Les rebelles hutus demandent une enquête

  |  Radio-Canada avec Agence France-Presse et Reuters
Des femmes manifestent contre les violences au Kivu, (archives) Des femmes manifestent contre les violences au Kivu. (archives)   © PC/Jerome Delay

Dans un communiqué rendu public jeudi, les rebelles hutus des Forces démocratiques de libération du Rwanda (FDLR) démentent leur implication dans les récents viols collectifs en République démocratique du Congo.

Les rebelles hutus des Forces démocratiques de libération du Rwanda démentent leur implication dans les cas récents de viols collectifs commis dans l'est de la République démocratique du Congo, et réclament même une enquête.

Les FDLR « ne sont en rien impliquées dans ces actes odieux et s'insurgent contre des accusations dénuées de tout fondement lancées contre elles par le secrétaire général de l'ONU [Ban Ki-moon] », écrit Callixte Mbarushimana, un haut responsable du mouvement rebelle.

La rébellion demande à l'ONU de « mettre en place sans délai une commission d'enquête internationale indépendante chargée de faire toute la lumière sur tous ces actes criminels ».

Elle se dit prête à « collaborer » avec cette commission et « disposée » à rencontrer le numéro deux du département de maintien de la paix de l'ONU, Atul Khare, qui doit se rendre en RDC.

Viols collectifs

Du 30 juillet au 3 août, la localité de Luvungi, dans le Nord-Kivu, a été occupée à la fois par les miliciens Maï-Maï et les rebelles hutus rwandais. Durant cette période, au moins 154 civils ont été violés ou ont subi des attentats à la pudeur, selon ce qu'a révélé l'ONU.

Selon une ONG, de nombreuses femmes ont été victimes de viols collectifs de la part de groupes de deux à six hommes en armes.

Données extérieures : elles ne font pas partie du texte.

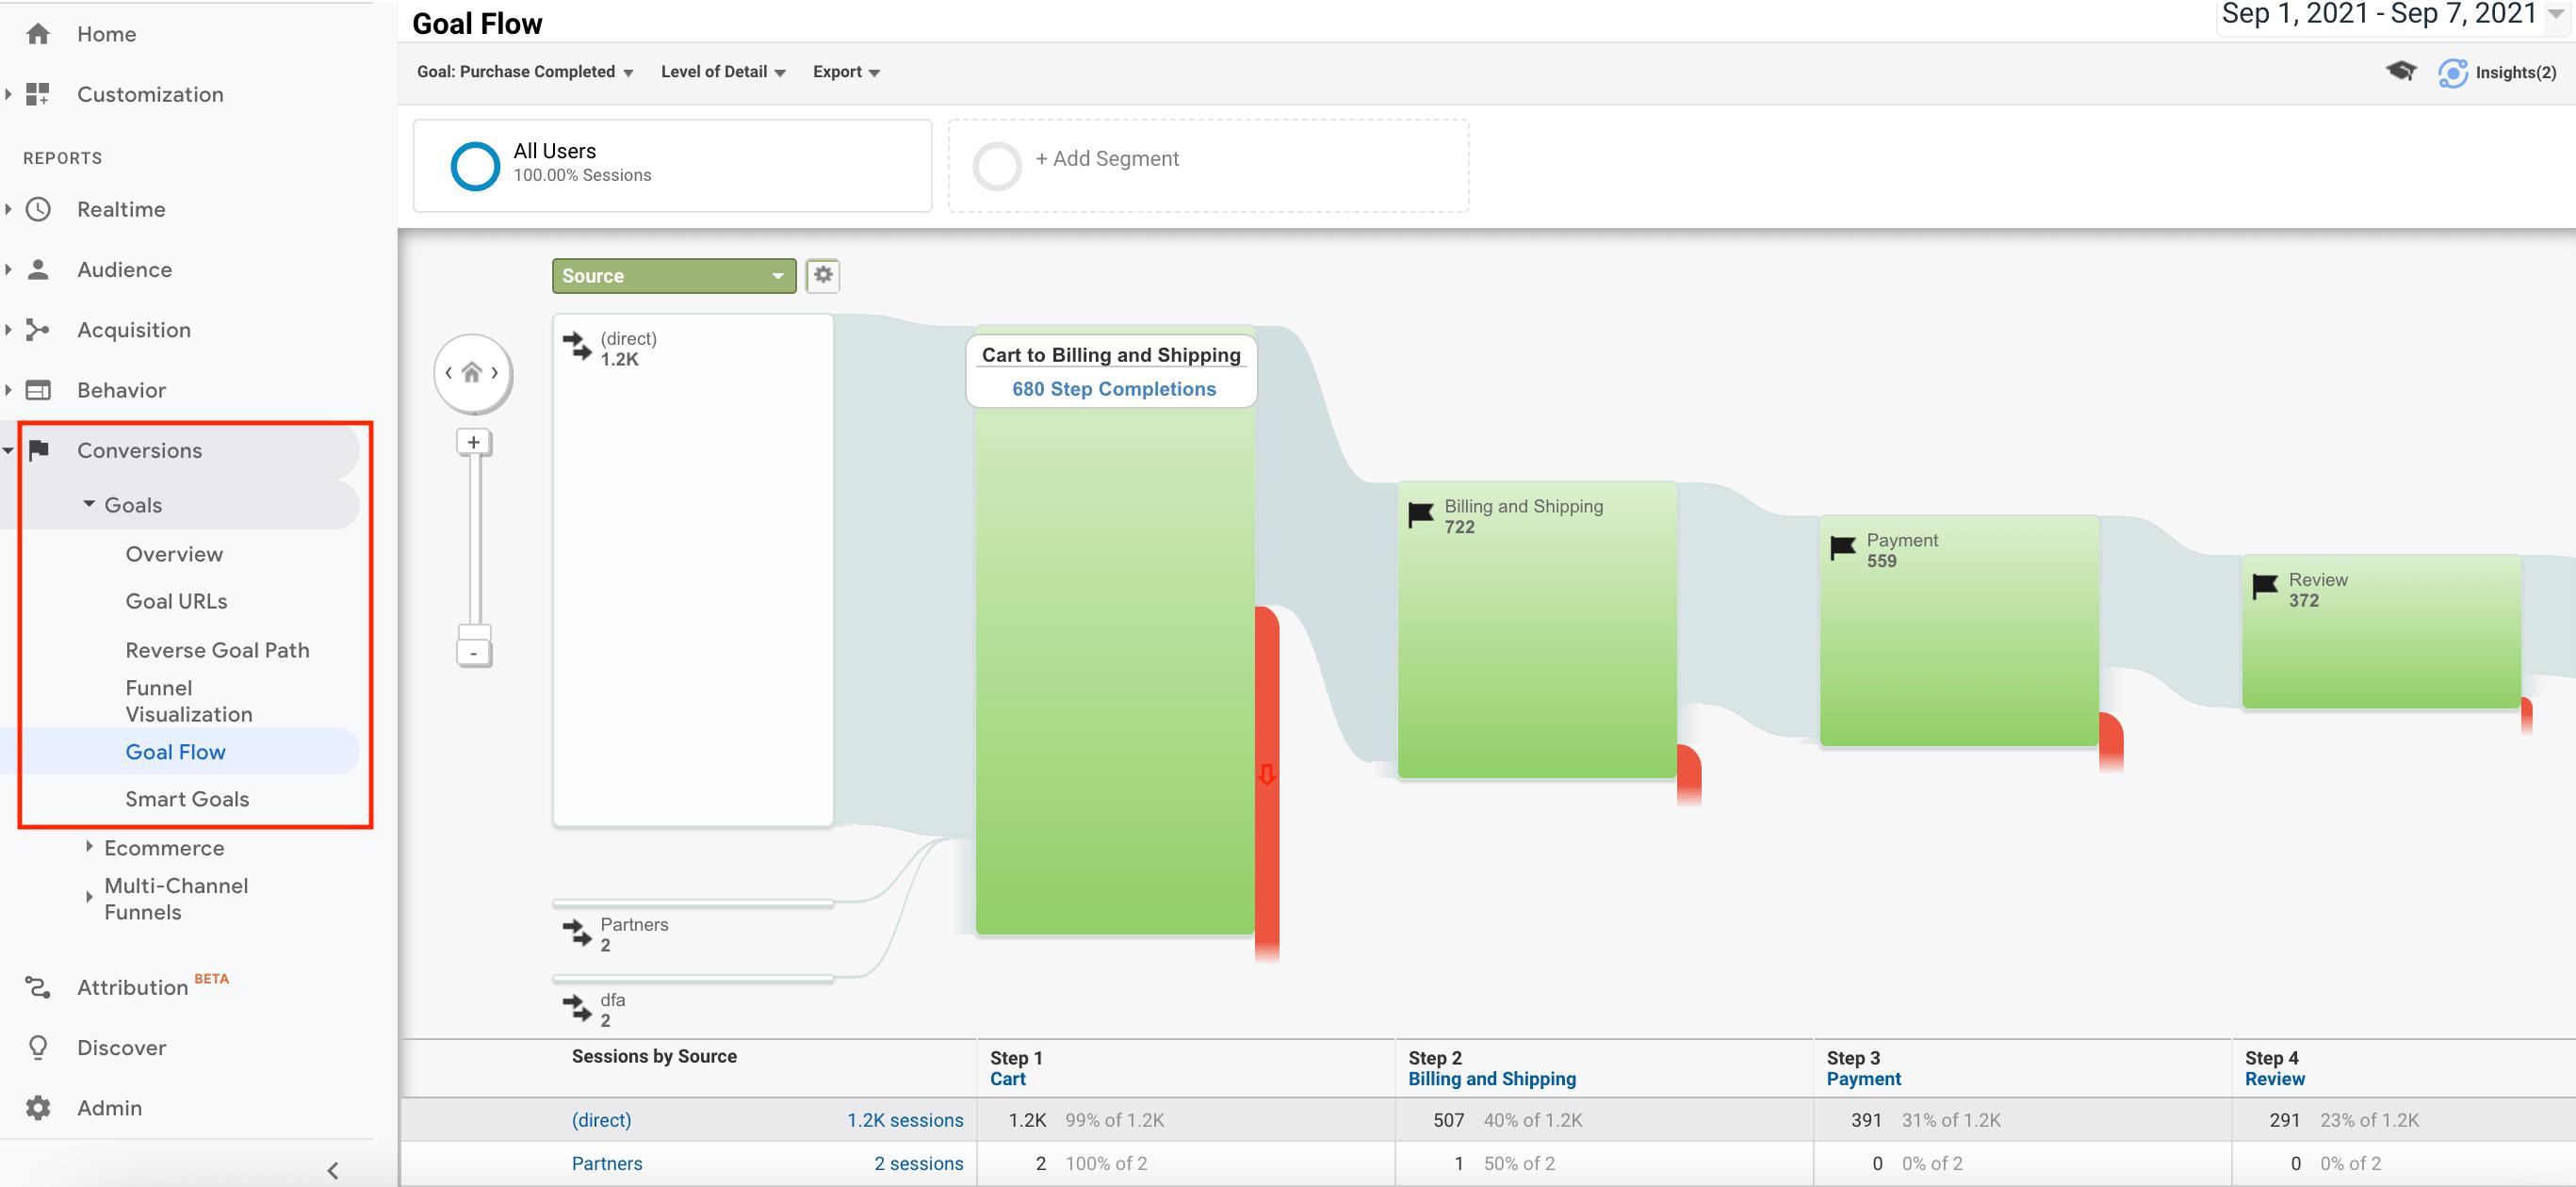 Goal Flow Report in Google Analytics

Les miliciens Maï-MaïMaï-Maï provient du mot Maï ou Maji, « eau » dans les langues bantoues de la région. L'appellation des miliciens fait référence à la révolte Maji Maji intervenue en 1905-1907 au Tanganyika, un lac qui traverse la République démocratique du Congo, la Zambie, le Burundi et la Tanzanie.

Les Maï-Maï se sont constitués pour résister essentiellement à l'invasion des forces armées du Rwanda et des groupes rebelles congolais proches du Rwanda. Certains de ces groupes se sont constitués en vue de commettre également des actes de brigandage.

Ils sont parmi les groupes les plus puissants et les plus incontrôlables du pays.

Martin Nesirky, porte-parole des Nations unies, a indiqué que la mission de l'ONU au Congo (MONUSCO) n'avait entendu parler de viols à Luvungi que le 12 août. Les casques bleus disposent d'une petite base à une trentaine de kilomètres du lieu des viols.

« Ce terrible événement confirme les conclusions globales tirées de mon récent voyage [en République démocratique du Congo] sur la nature généralisée et systématique des viols et autres atteintes aux droits de la personne humaine. » — Margot Wallström, représentante spéciale de l'ONU pour la lutte contre les violences sexuelles dans les conflits

La Monusco, avec près de 20 000 soldats, est la mission de maintien de la paix de l'ONU la plus importante de la planète.

Ban Ki-moon « scandalisé »

Le secrétaire général de l'ONU, Ban Ki-moon, « scandalisé » par ces événements a décidé d'envoyer un de ses collaborateurs pour examiner la situation.

« Il [Ban Ki-moon] réitère son appel à tous les groupes armés en RDC à déposer les armes et à rejoindre le processus de paix. Il appelle les autorités de RDC à enquêter sur cet incident et à traduire en justice les auteurs de ces crimes, ainsi qu'à redoubler d'efforts pour mettre fin à l'insécurité dans l'est du pays », a déclaré son porte-parole, Martin Nesirky.

Selon le haut commissariat de l'ONU pour les réfugiés (HCR), au moins 1244 femmes ont rapporté avoir été violées au cours du premier trimestre 2010, soit « près de 14 viols par jour en moyenne ».

Plus d'un tiers des viols ont eu lieu dans les provinces du Nord-Kivu et du Sud-Kivu, d'après la même source.